There has been no such material reported in the history of material sciences in the world. Due to the quenching of orbital motion in the reduced dimension, i.e. the quasi-one-dimensional nature of polymer nanofibers, the intrinsic spin of charge carriers responds to the external field. For this reason, one could probe both spin and charge of the charge carriers (not being dominated by the orbital motion) in the polymer nanofibers by measuring the magneto resistance (MR). The MR vanishes at high electric field remaining zero all the way from H = 0 to 35 tesla in polyacetylene nanofibers.

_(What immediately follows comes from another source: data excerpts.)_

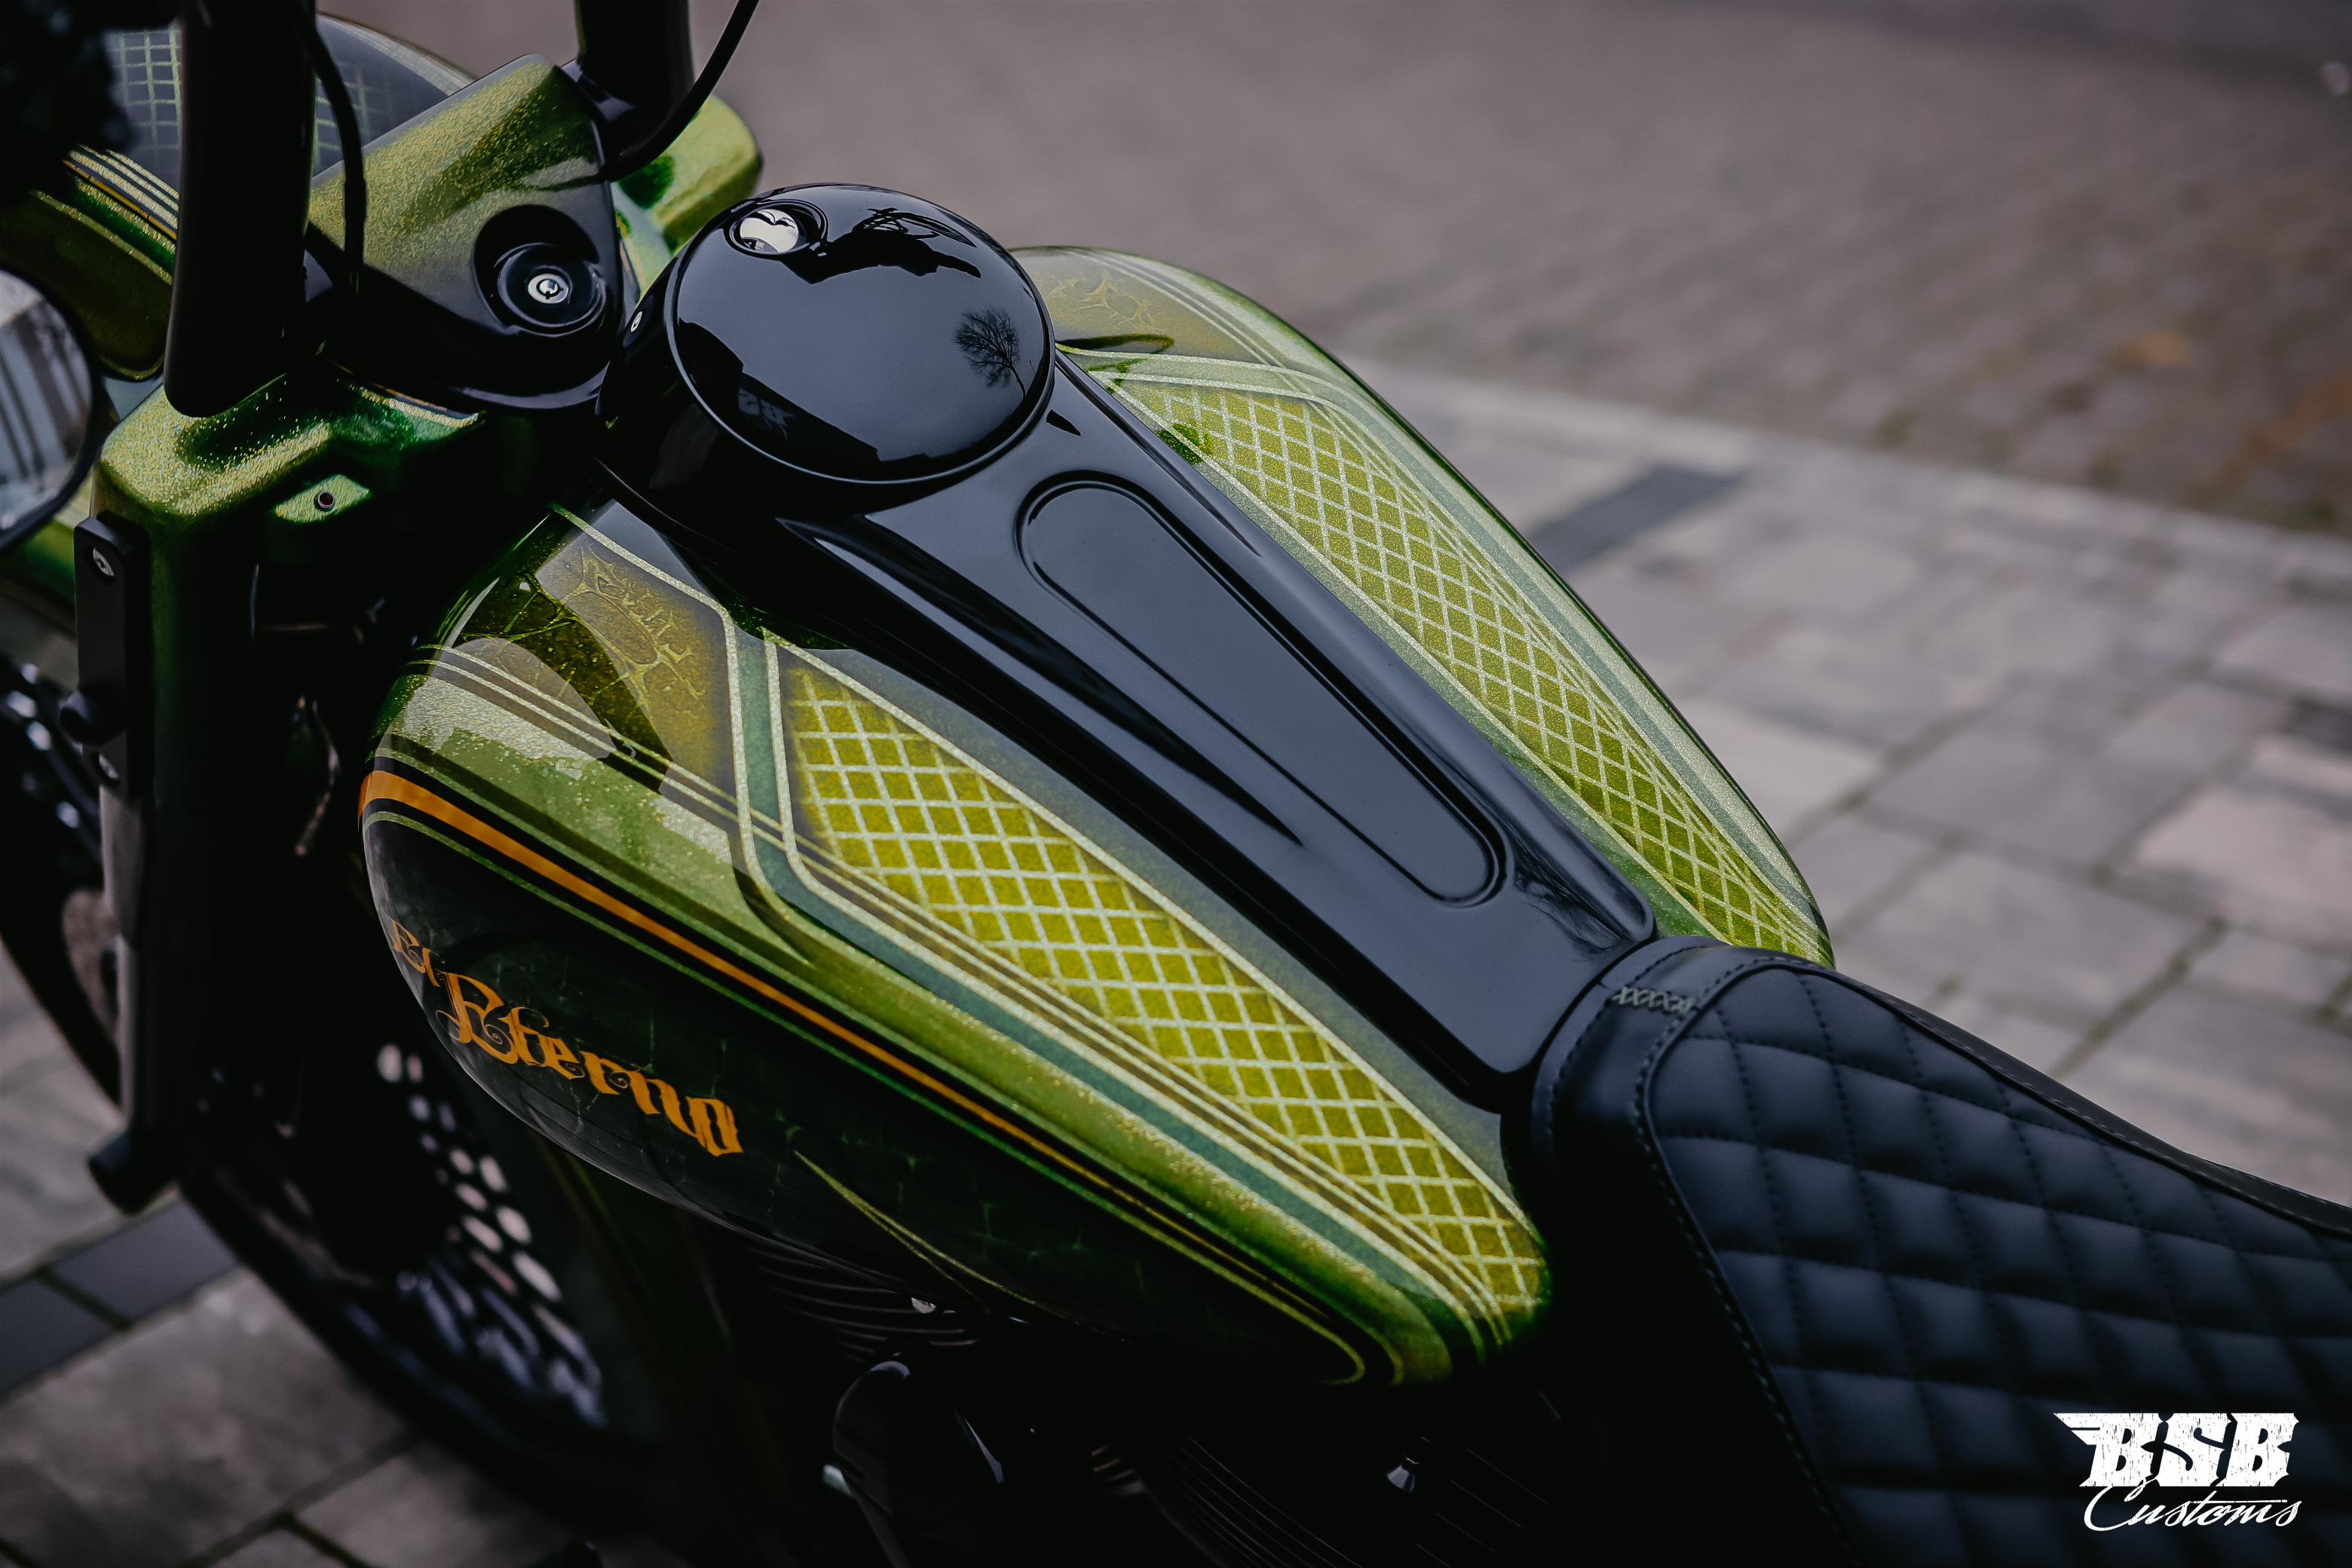 2014 Harley Davidson FLHXS Street Glide mit einem Mega Umbau auf Mexican Chicano Umbau 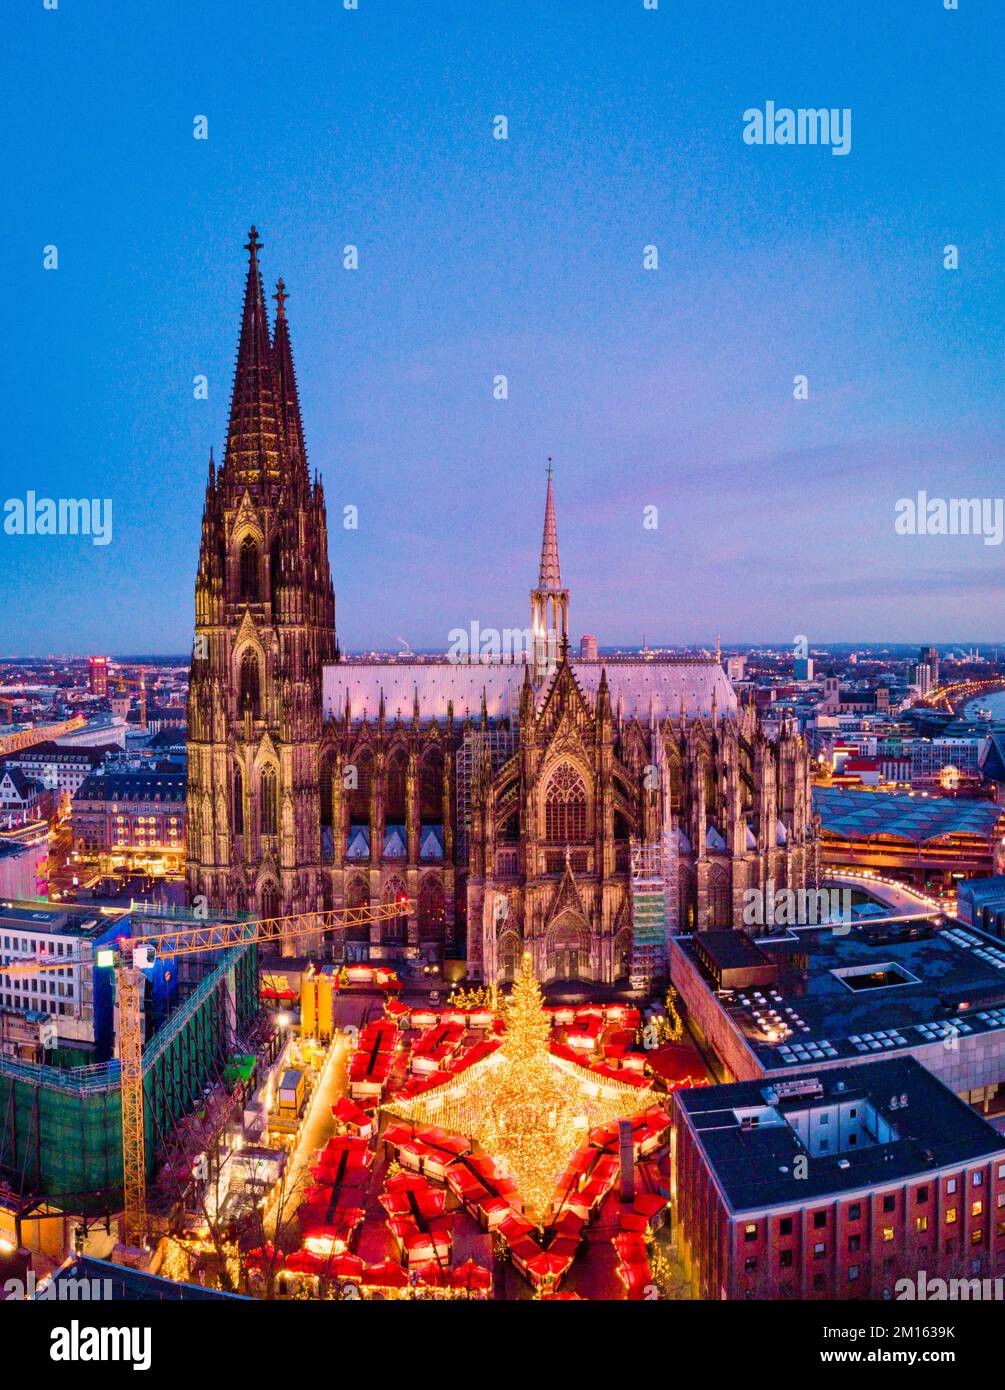 Cologne Allemagne vue du marché de Noël de drone Banque D'Images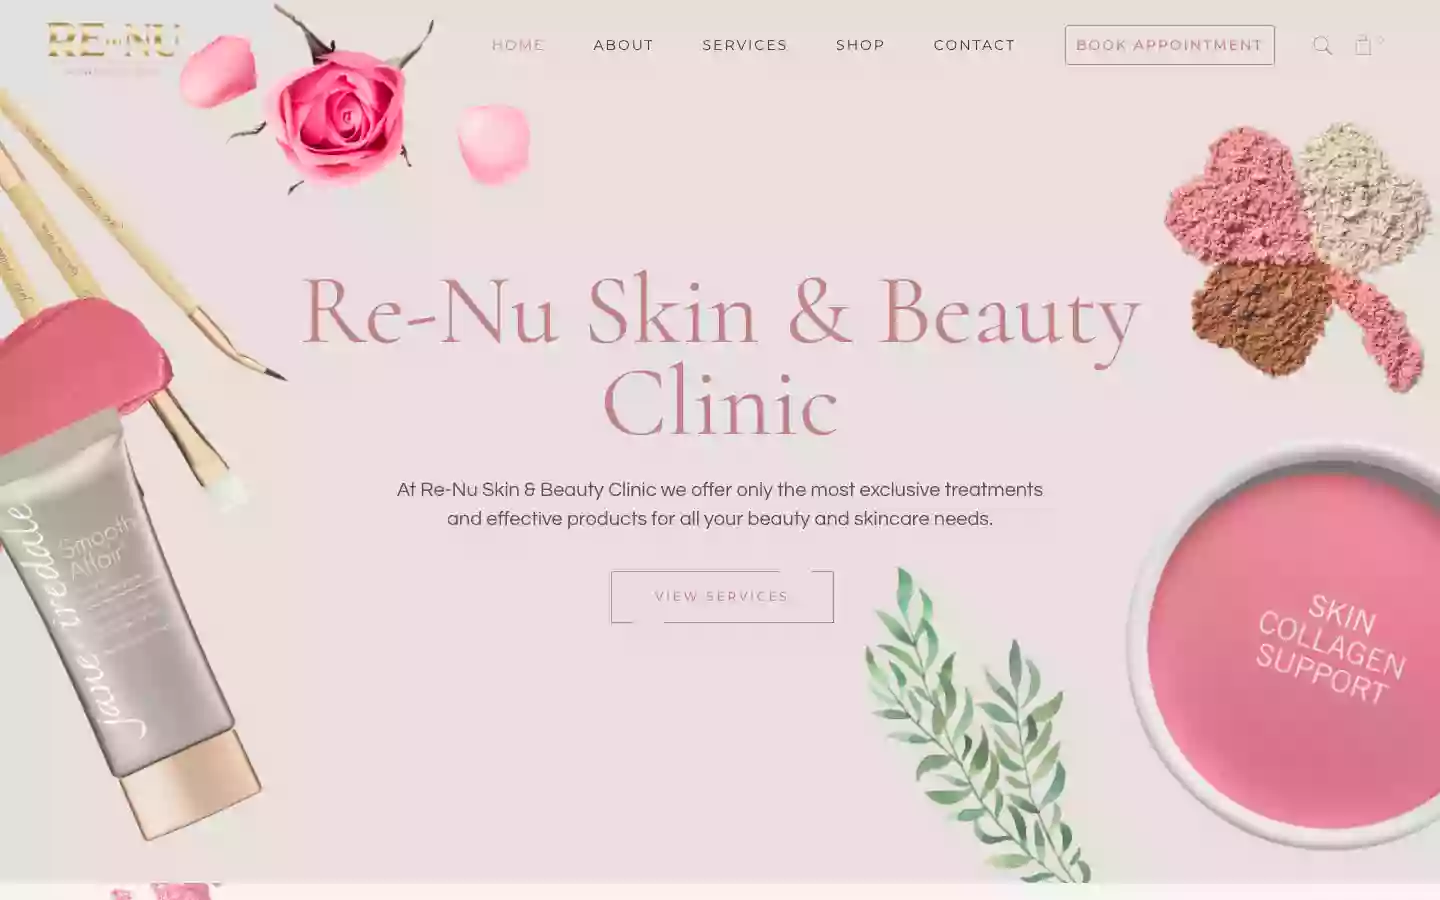 Re-Nu Skin & Beauty Clinic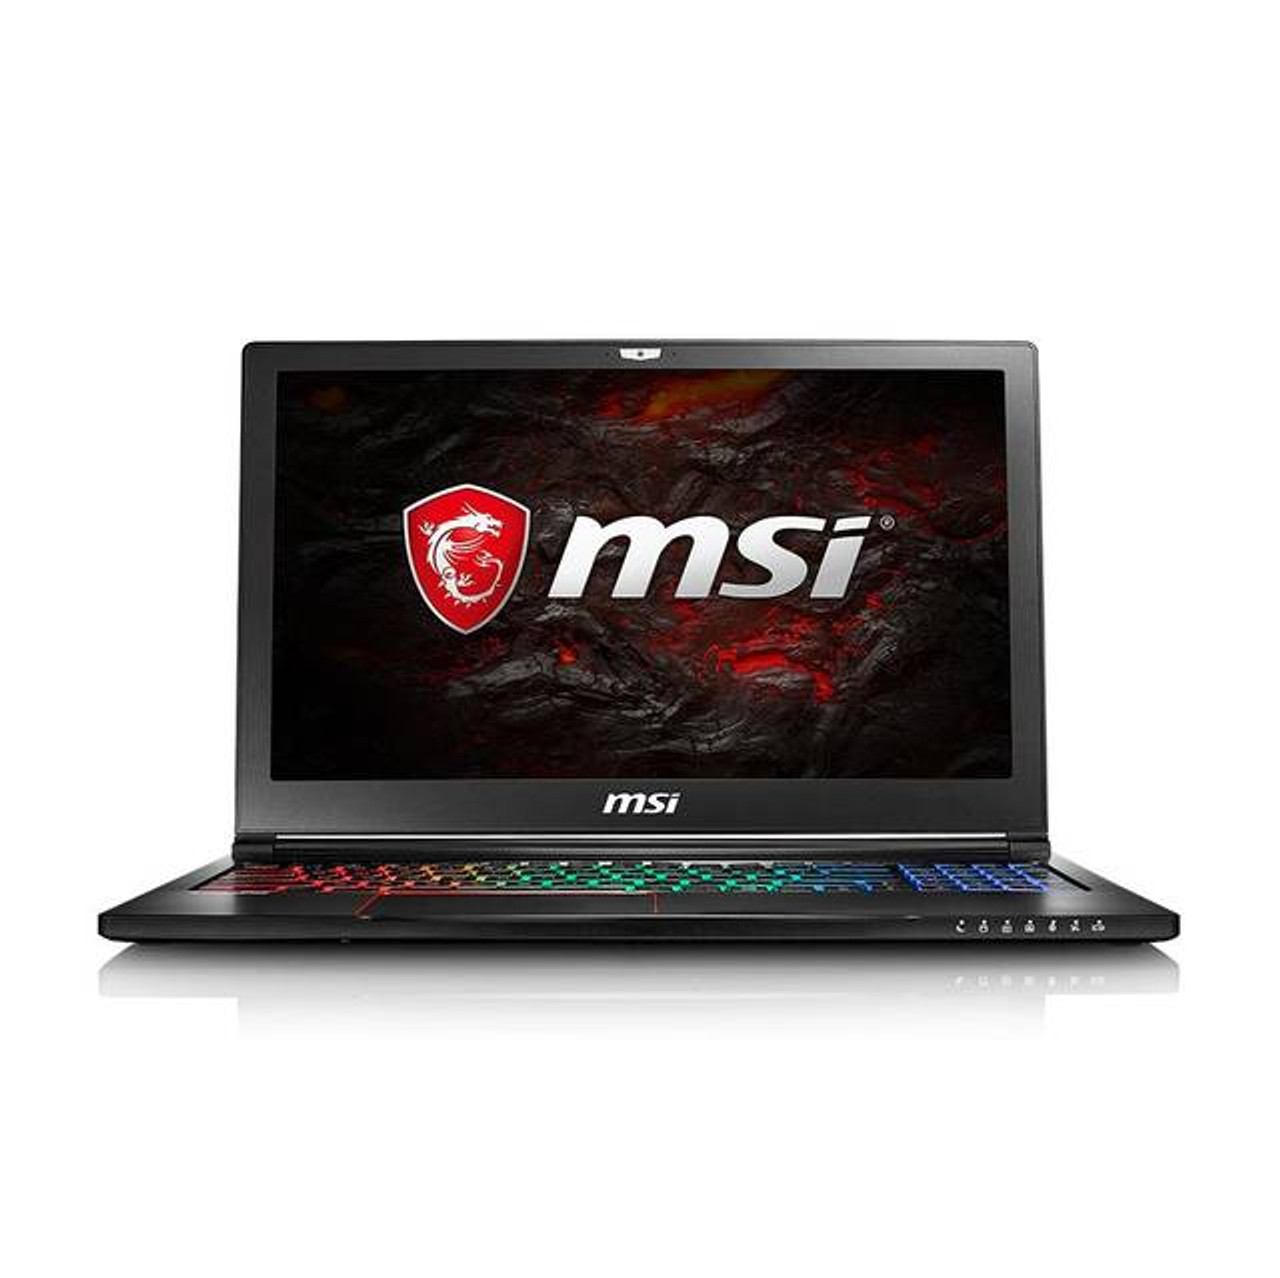 MSI GS63VR STEALTH PRO-002 15.6 inch Intel Core i7-7700HQ 2.8GHz/ 32GB DDR4/ 1TB HDD + 512GB SSD/ GTX 1070/ USB3.0/ Windows 10 Pro Ultrabook (Aluminum Black)

Other conducting polymers such as polyaniline nanofibers and polythiophene nanofibers do not show the zero MR. Instead, they show positive MR which increases more than 50% as the magnetic field increases to 35 tesla. The zero magneto resistance in polyacetylene nanofibers is understood to be caused from the spinless charge carriers tunneling in high electric field in the quasi-one-dimensional nanofibers.

There would be tremendous applicability of the zero MR characteristics of polymer nanofibers. For example, the high speed magnetic levitation train can be stabilized by using the zero MR switching device made of polymer nanofibers.

There were also other investigated items: the electrospun CNT filled polymer composites and coaxial carbon nanofibers with NiO core, graphene nanorings, perchlorate-doped TTF-diamide nanofibers with double and triple helix structures, CNT based nonvolatile electromechanical memory.
In particular, the CNT based nonvolatile MEMS memory [7] has achieved a 1000 times faster switching speed, applicable to the MP3s, smart phones and cameras with very low power consumption and possible multinary bit devices.